Originally Posted by qbkr21
Yeh I know I posted quite a bit over last several hours, however I have one last question. My teacher wants me to look at the graphing calculator to find the range. Can you all please help me. What is the easiest way to go about doing this and what am I too look for? Are there any rules, ect.? Thanks for all you help.

Hi,

first you have to find the domain of a function which contains all x-values.

Then you can determine the range which contains all y-values.

I've attached a diagram to show you where you can find domain and range.

EB
• October 23rd 2006, 07:13 AM
qbkr21
Re:
Ok but what exactly are you looking at to l you if its all real numbers, infinate, or specific boundaries?

Thanks,
• October 23rd 2006, 07:17 AM
qbkr21
Re:
Take for example f(x)= (1)/(2-x)... What in this problem are looking at to determine the range. Getting the domain isn't a problem for me, in this case its x=2. Now where do I go from here?
• October 23rd 2006, 07:35 AM
ThePerfectHacker
Quote:

Originally Posted by qbkr21
Take for example f(x)= (1)/(2-x)... What in this problem are looking at to determine the range. Getting the domain isn't a problem for me, in this case its x=2. Now where do I go from here?

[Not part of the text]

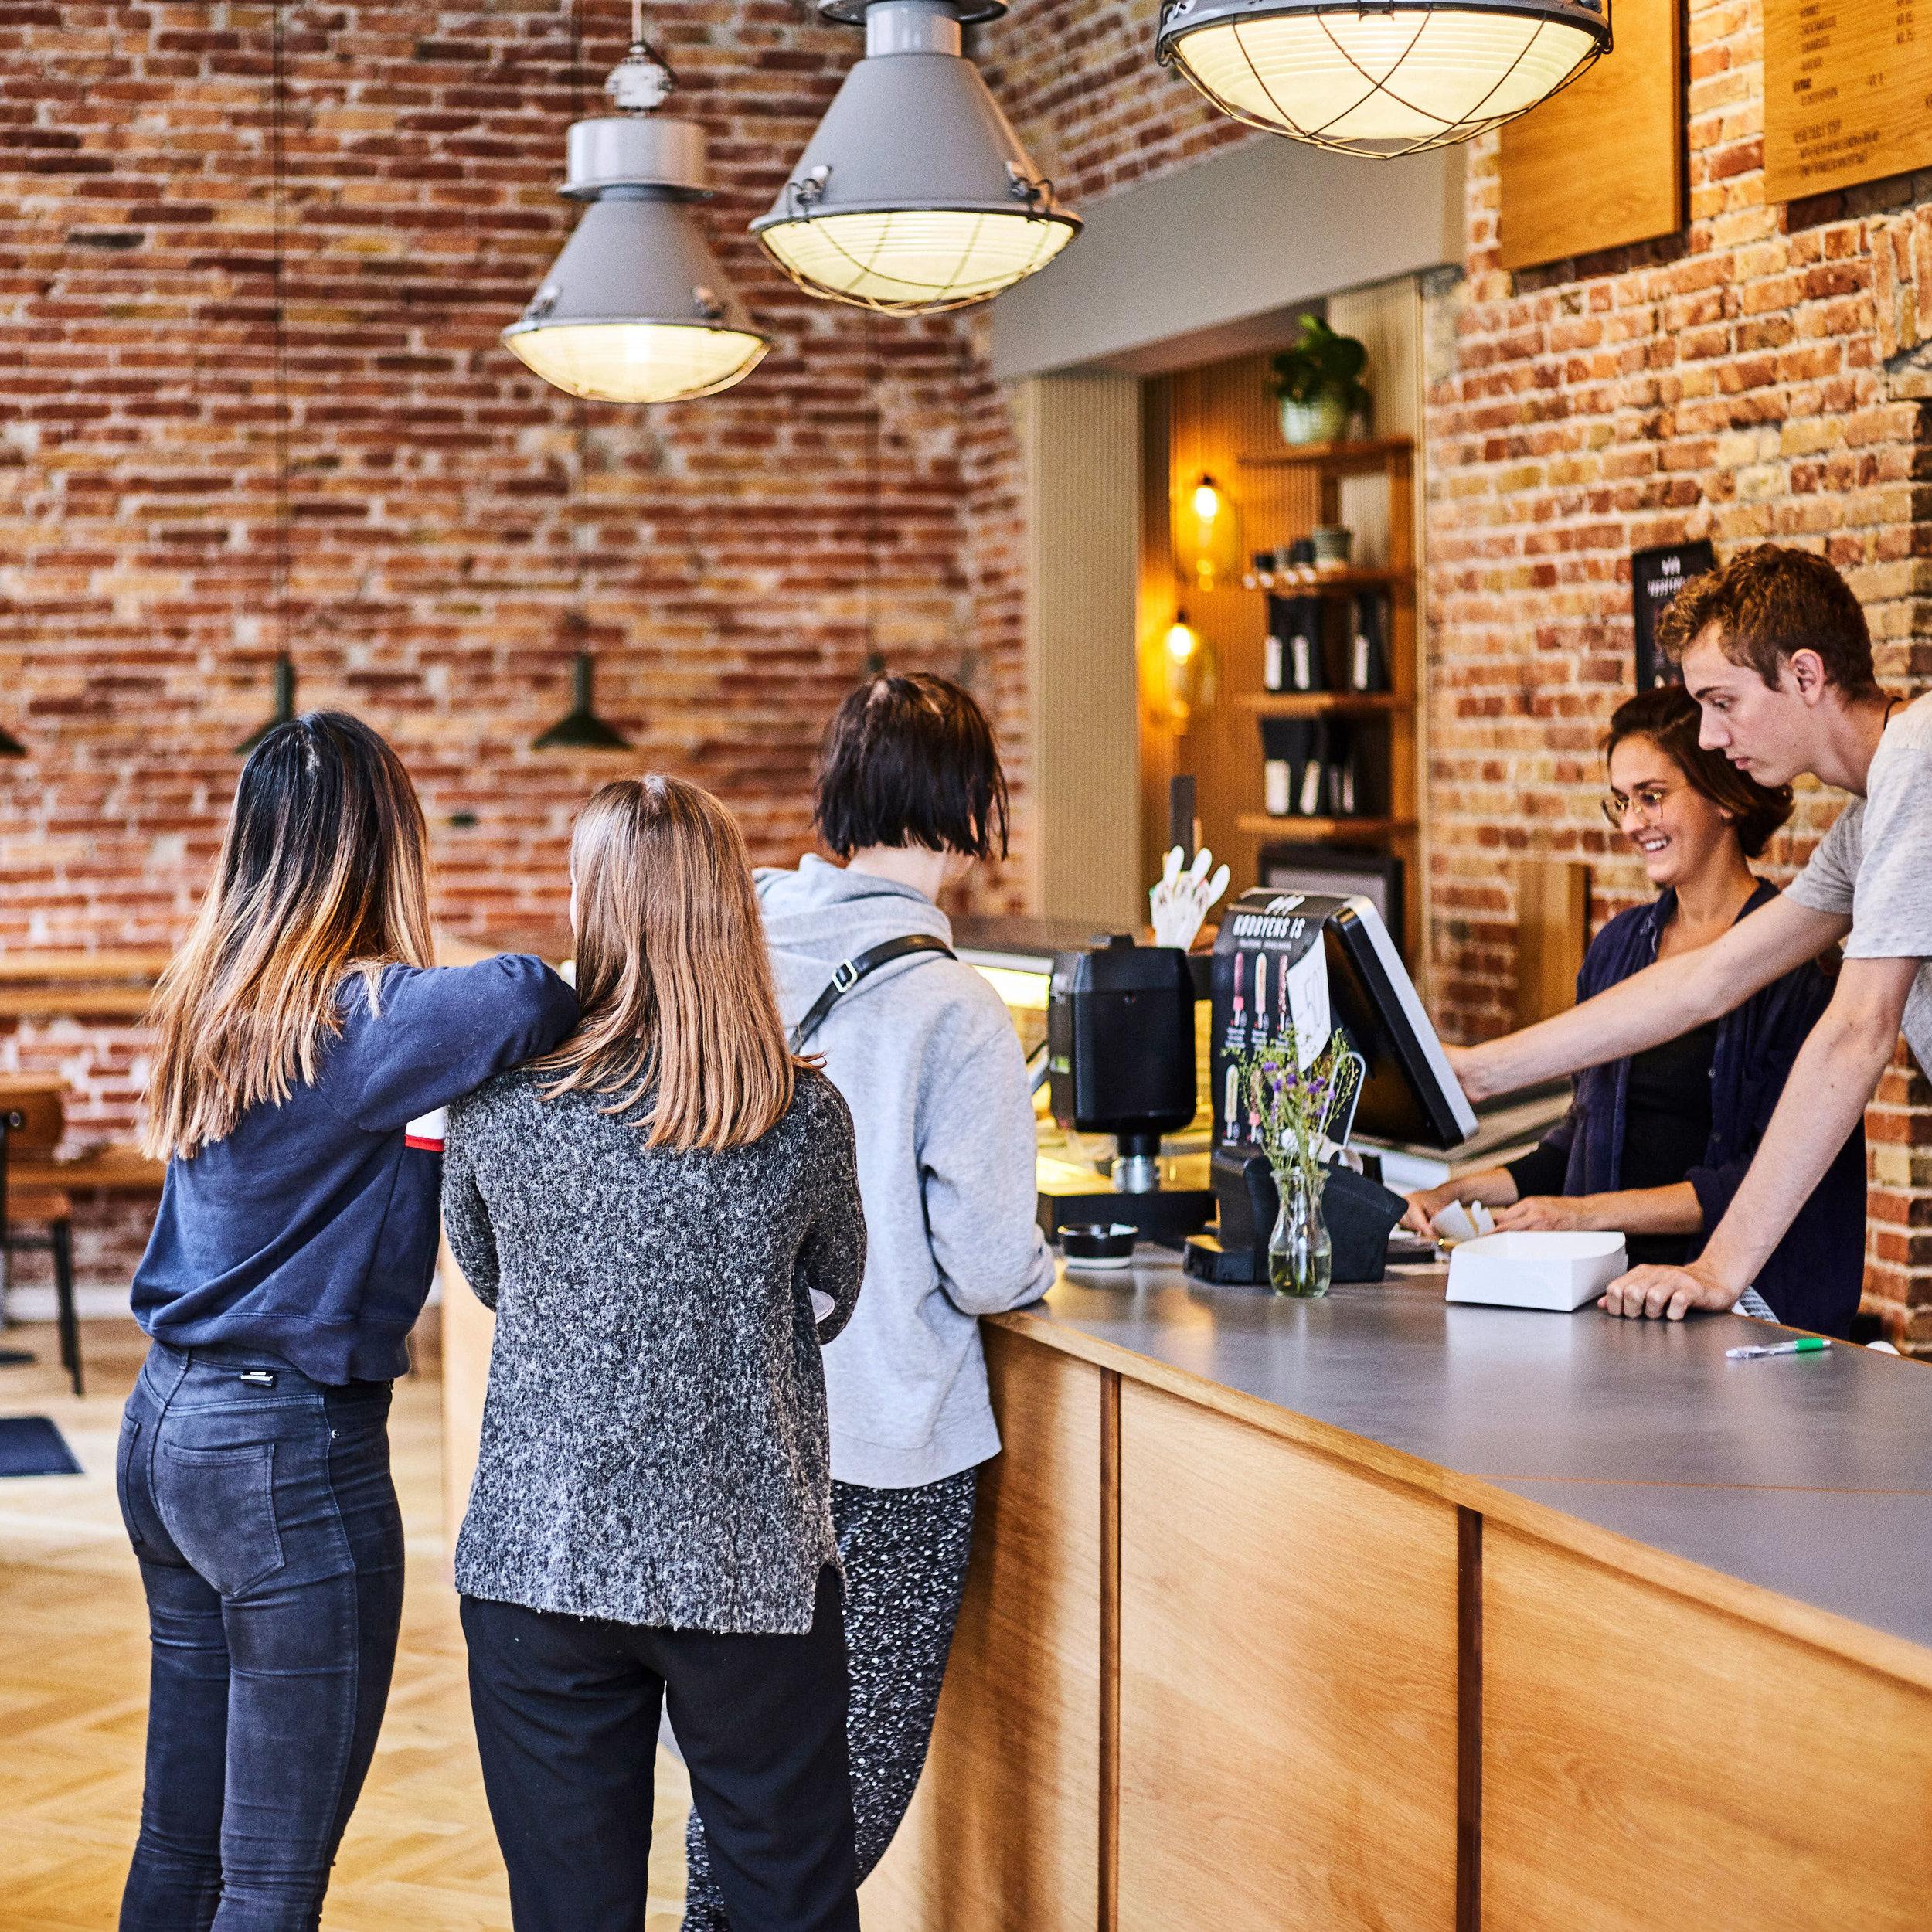 Mokkariet - Istedgade 17 - I bedste Istedgade stil, har lokalet tidligere dannet ramme for én af områdets mange erotiske butikker. Kaffebaren holder til i den mere kantede og autentiske ende af Istedgade, blot et bønnekast fra Københavns hovedbanegård. Med en forhistorie, der formentlig har haft noget for ethvert behov, står kaffebarens nye rammer og rolige atmosfære i høj kontrast til Istedsgades intense aktivitetsniveau.Der er blevet støvsuget, vasket gulv og støvet godt af inden vi rykkede ind og transformerede lokalerne til Mokkariets nyeste kaffebar, hvor du har rig mulighed for at sidde i fred og ro eller mødes med vennerne til hygge over lyden af soul, jazz og varme beats fra højtaleren.

You are right about the domain, anything but 2, hooah!.

Now the range:
You can use the inequality argument as before.
Or you can do it the primitive way (your teachers way) and find the graph:
Shown below, thus the range is $y=(-\infty,0)\cup (0,+\infty)$
• October 23rd 2006, 07:46 AM
qbkr21
Re:
Ok so correct me if I'm wrong ,but from what I can tell in looking at the picture you want to see how the range correlates to domain. When looking up and over on the picture if you see a juncture where there is no correlation and a space then the range has stopped. Then as you progress even further upward on the graph the range picks back up from the end of the juncture and keeps going untill it makes another evasive stop. Is this correct?

Thanks
• October 23rd 2006, 07:58 AM
ThePerfectHacker
Quote:

Originally Posted by qbkr21
Ok so correct me if I'm wrong ,but from what I can tell in looking at the picture you want to see how the range correlates to domain. When looking up and over on the picture if you see a juncture where there is no correlation and a space then the range has stopped. Then as you progress even further upward on the graph the range picks back up from the end of the juncture and keeps going untill it makes another evasive stop. Is this correct?

Thanks

Take a ruler and move it horizontally. The lines for which it does not intersect the curve are not in the range. For example for any point $y>0$ the ruler will intersect at least once. For any point $y<0$ the ruler shall intersect at least once. But for $y=0$ it does not intersect (though it gets close to it).

The answer is simple, because for $y=0$ we have,
$0=\frac{1}{x-2}$
The only way this can be zero is when the numerator is zero which it is not, so no value of $x$ in the domain makes this statement true.
• October 23rd 2006, 08:02 AM
qbkr21
Re:
Ok great thanks this is exactly what I needed